Surprisingly to me, the field of metrical research in Anglo-Saxon poetry is thriving. It’s not like any new Anglo-Saxon verses have been discovered recently, but we do have some new alliterative poems. I just found a paper by Nelson Goering [1] (one of the lecturers in my Anglo-Saxon class) that applies analytical techniques developed for Old English to J.R.R. Tolkien’s recently published verse.

The thing that jumped out at me was what Goering calls “crossed alliteration”. Where Anglo-Saxon verse alliterates on one sound per line, crossed alliteration takes advantage of the four stresses to alliterate twice: either A-B-A-B or A-B-B-A.  Examples he gives from The Fall of Arthur are “Fiercely heard she / his feet hasten” (II, 111) [2] and “of south Britain / booty seeking” (I, 9). He notes that 7% of the lines of the poem have crossed alliteration, which is “nearly double the rate of a classical Old English poem such as Beowulf.”

spreadsheet snapshot of no real valueThat’s the sort of thing that really gets an Idiosopher (provided that he has spent a year or so on text preparation and code-building) rolling. In this case, rolling right into a brick wall.  To order a computer to look for crossed alliteration, we’d need a regular expression that looks for (string), (any string but that one), (the first string) (the other string).  I’m ashamed to admit that I spent a month trying to turn that into a regular expression.  It just can’t be done in any language I speak. Back-referencing the complement of a single character is possible, but the CMU phoneme set can have two characters, and trying to kluge together a fix got totally out of control.  The reason I’m ashamed is that there’s no reason to use a powerful tool like regular expressions — I don’t need any wild-cards in this simple case so I can just use equals-signs for the test. Most likely you saw it some time ago, and have been laughing at me.

Here are some good ones:

He wandered in loneliness, weeping a little.  
'Spoons? Fiddlesticks!' He snapped his fingers.
Galadriel stood, alone and silent.
The sun was warm and the wind was in the south.
Boromir seemed to be swimming or burrowing...
Then suddenly Frodo fell asleep.

Here’s one that’s bogus: “‘…Black Riders.’ ‘Black Riders!'” JRRT repeats a phrase for emphasis fairly often, and I really think that ought not to count.

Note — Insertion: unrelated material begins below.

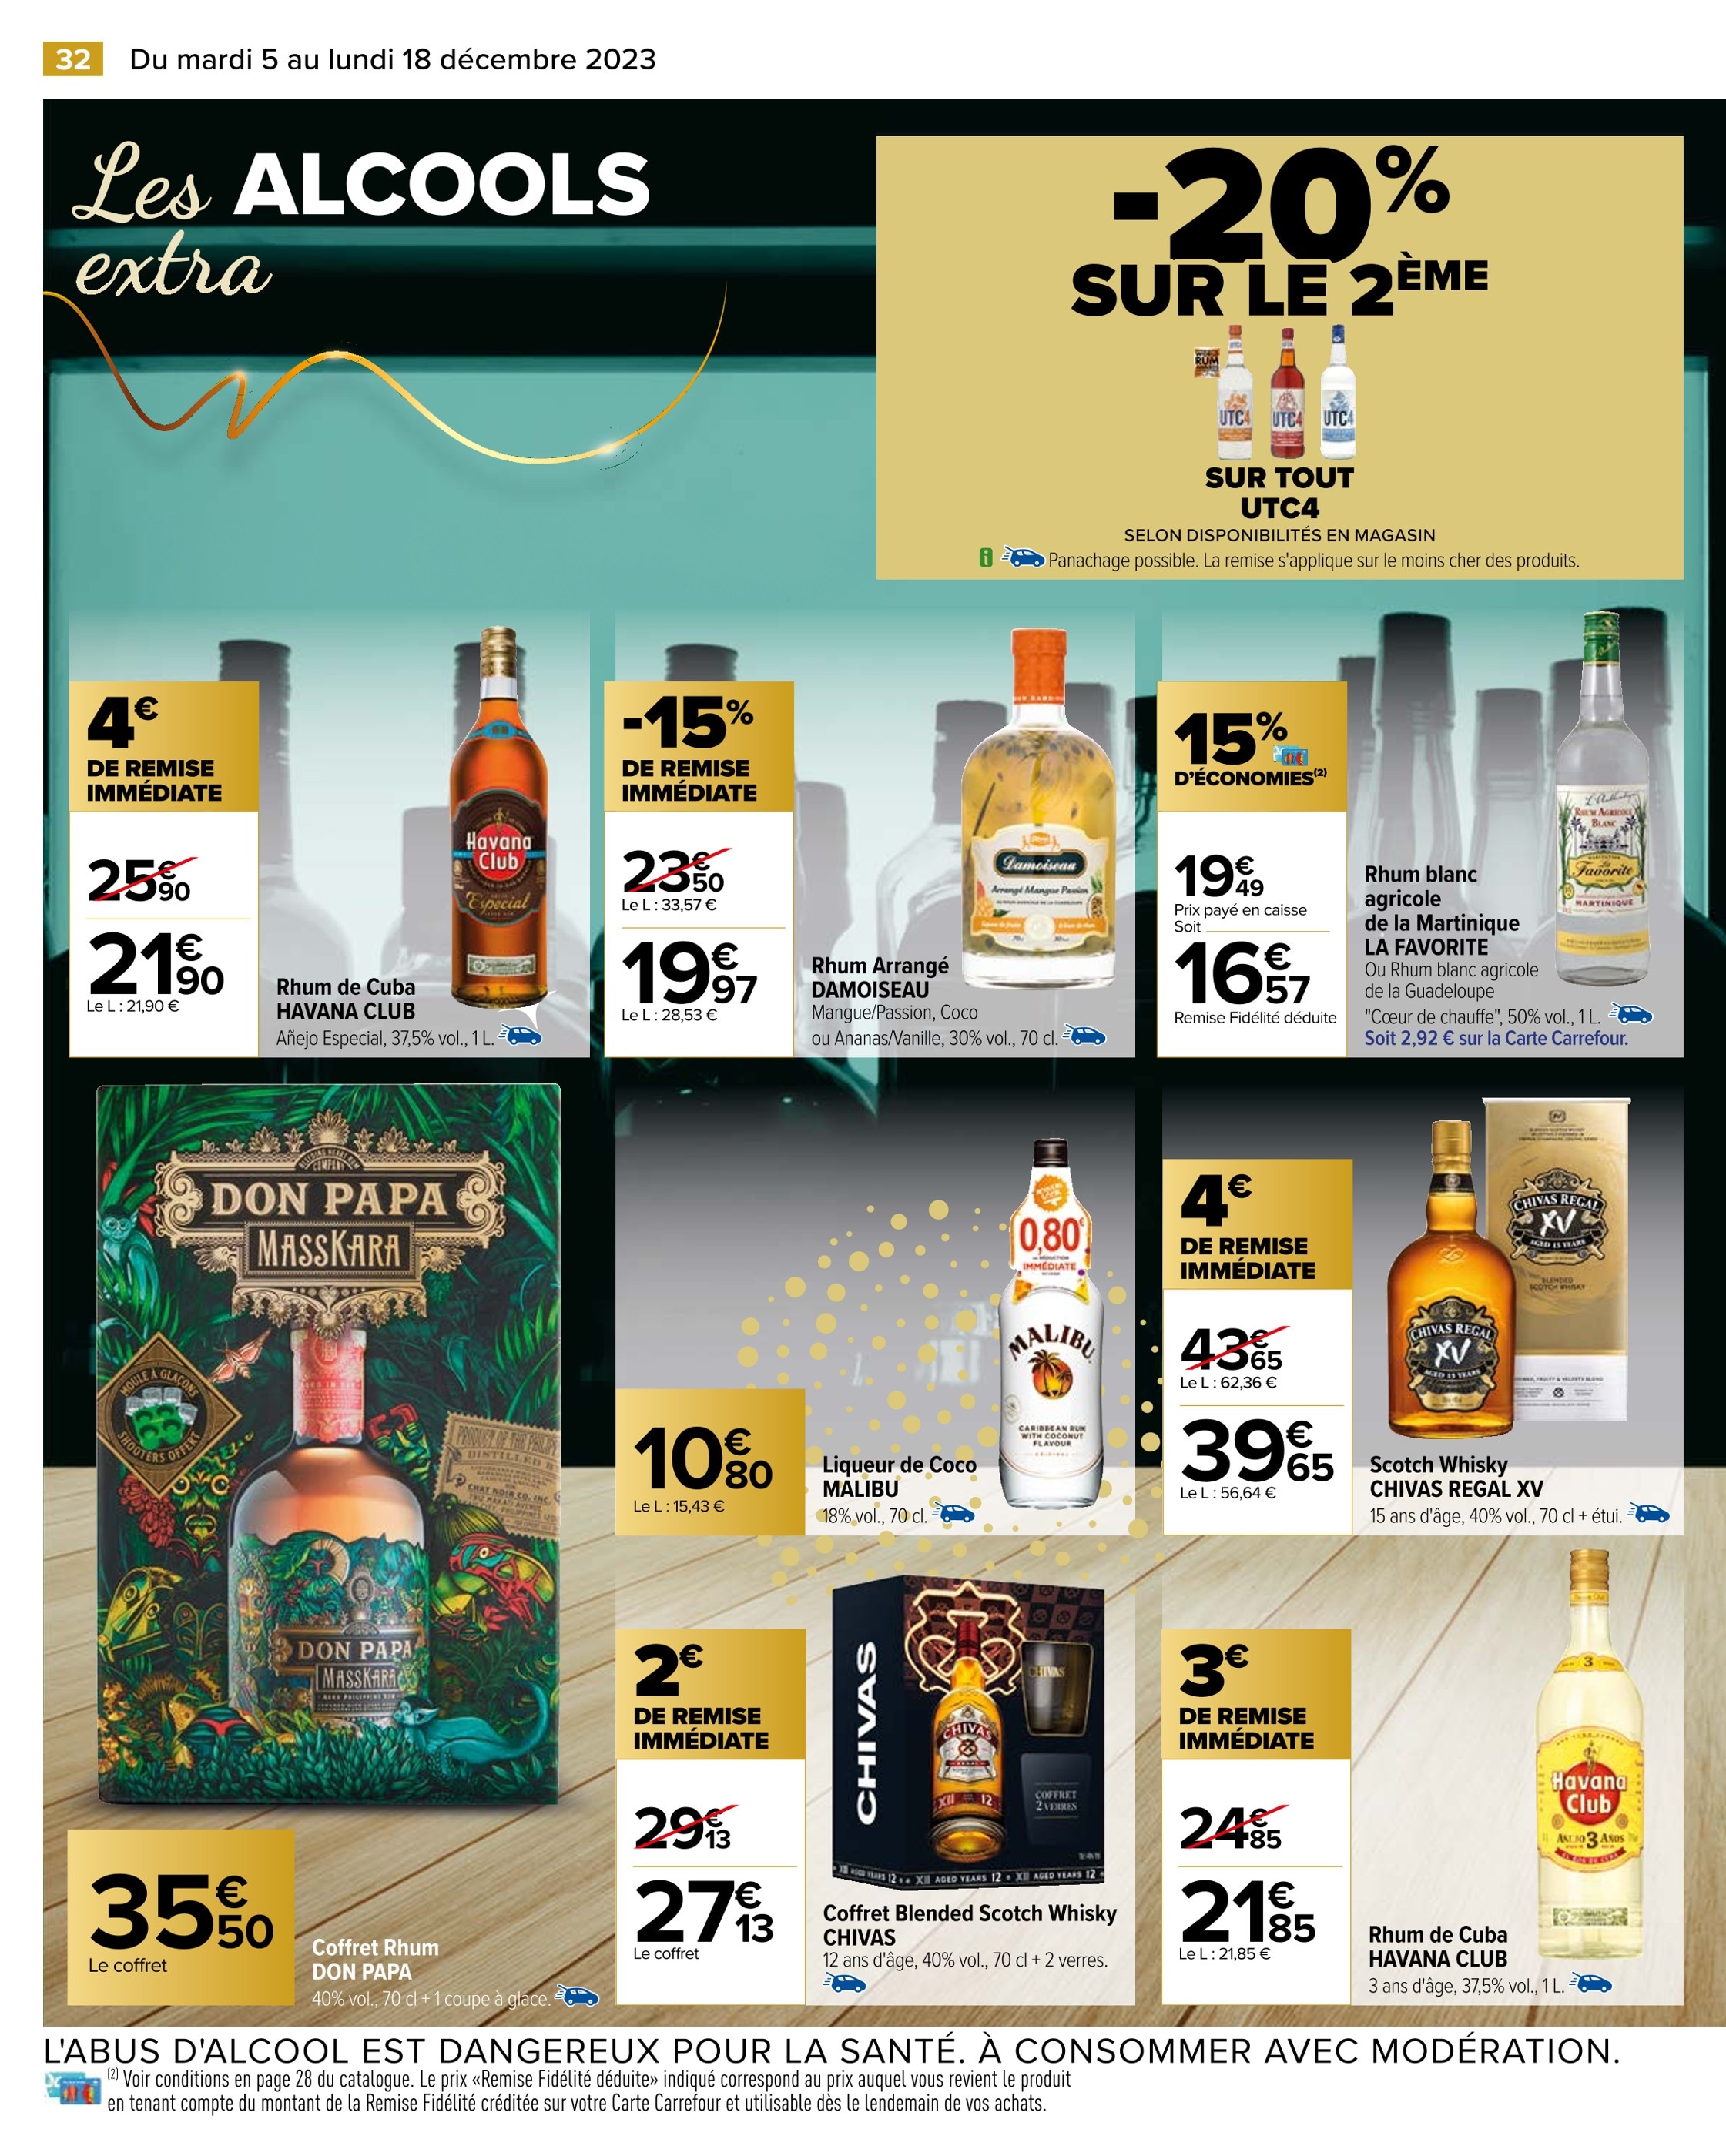 Promo Chivas coffret whisky 12 ans chez Auchan Supermarché

Overall, the numbers for LotR are higher than for The Fall of Arthur. A-B-A-B crossed alliteration is 10% as frequent as simple alliterative lines. A-B-B-A crossed alliteration is about the same, 10.5% as common as the simpler case.  Note that the latter was not included in the original computation, but the former was.

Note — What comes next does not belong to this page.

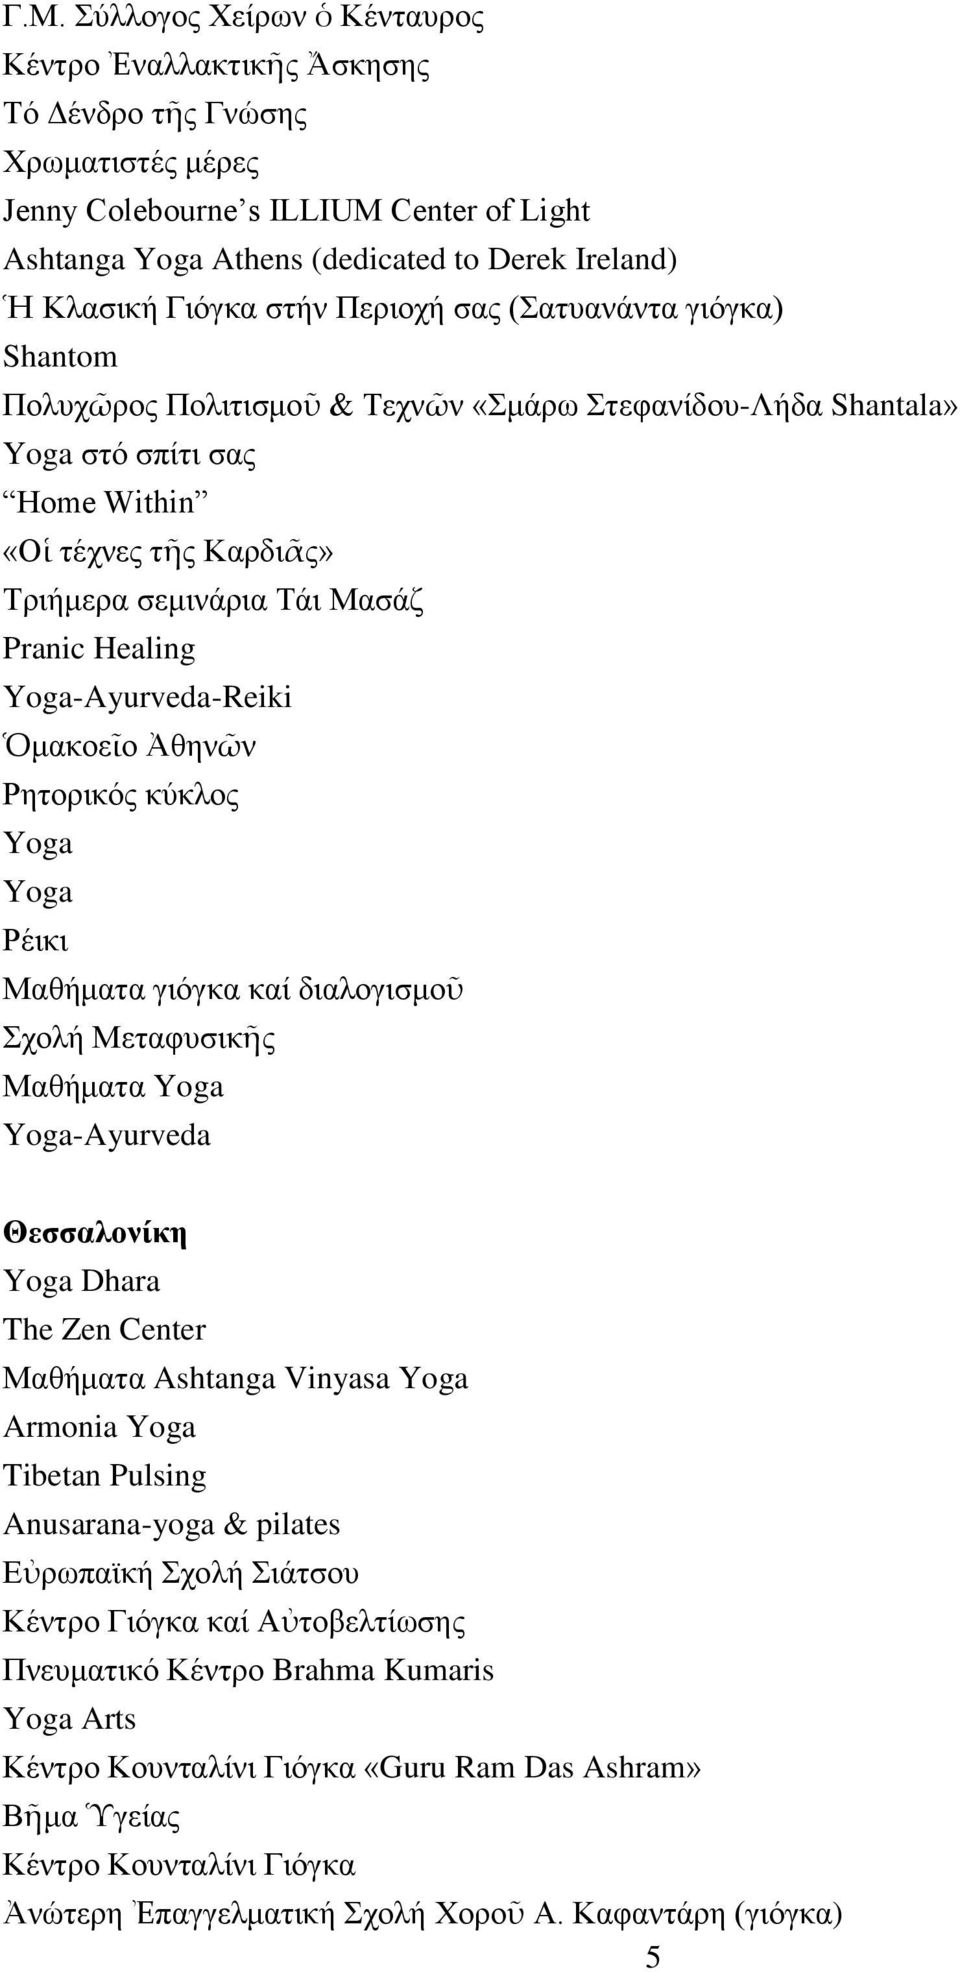 Μαζάδ Pranic Healing Yoga-Ayurveda-Reiki Ὁκαθνεῖν Ἀζελῶλ Ρεηνξηθόο θύθινο Yoga Yoga Ρέηθη Μαζήκαηα γηόγθα θαί δηαινγηζκνῦ ρνιή Μεηαθπζηθῆο Μαζήκαηα Yoga Yoga-Ayurveda Θεζζαλονίκη Yoga Dhara The Zen

To wind up, here’s one that’s intriguing: “Again she fled, but swift he came / Tinuviel! Tinuviel! / He called her by her Elvish name;’   Cross-alliterative enjambment in ann-thennath sounds obscure enough for a whole dissertation.


Notes

[1] Goering, Nelson. “The Fall of Arthur and The Legend of Sigurd and Gudrún: A Metrical Review of Three Modern English Alliterative Poems.” Journal of Inklings Studies 5.2 (2015): 3-56. Preprint here.

[2] Goering has the caesura in a different place from the text, which has been corrected here. Fly-specks like this are of no interest to anyone, but they are commonly pointed out in the literature. Were I to forbear to mention it, this blog would never be taken seriously by any community of scholars.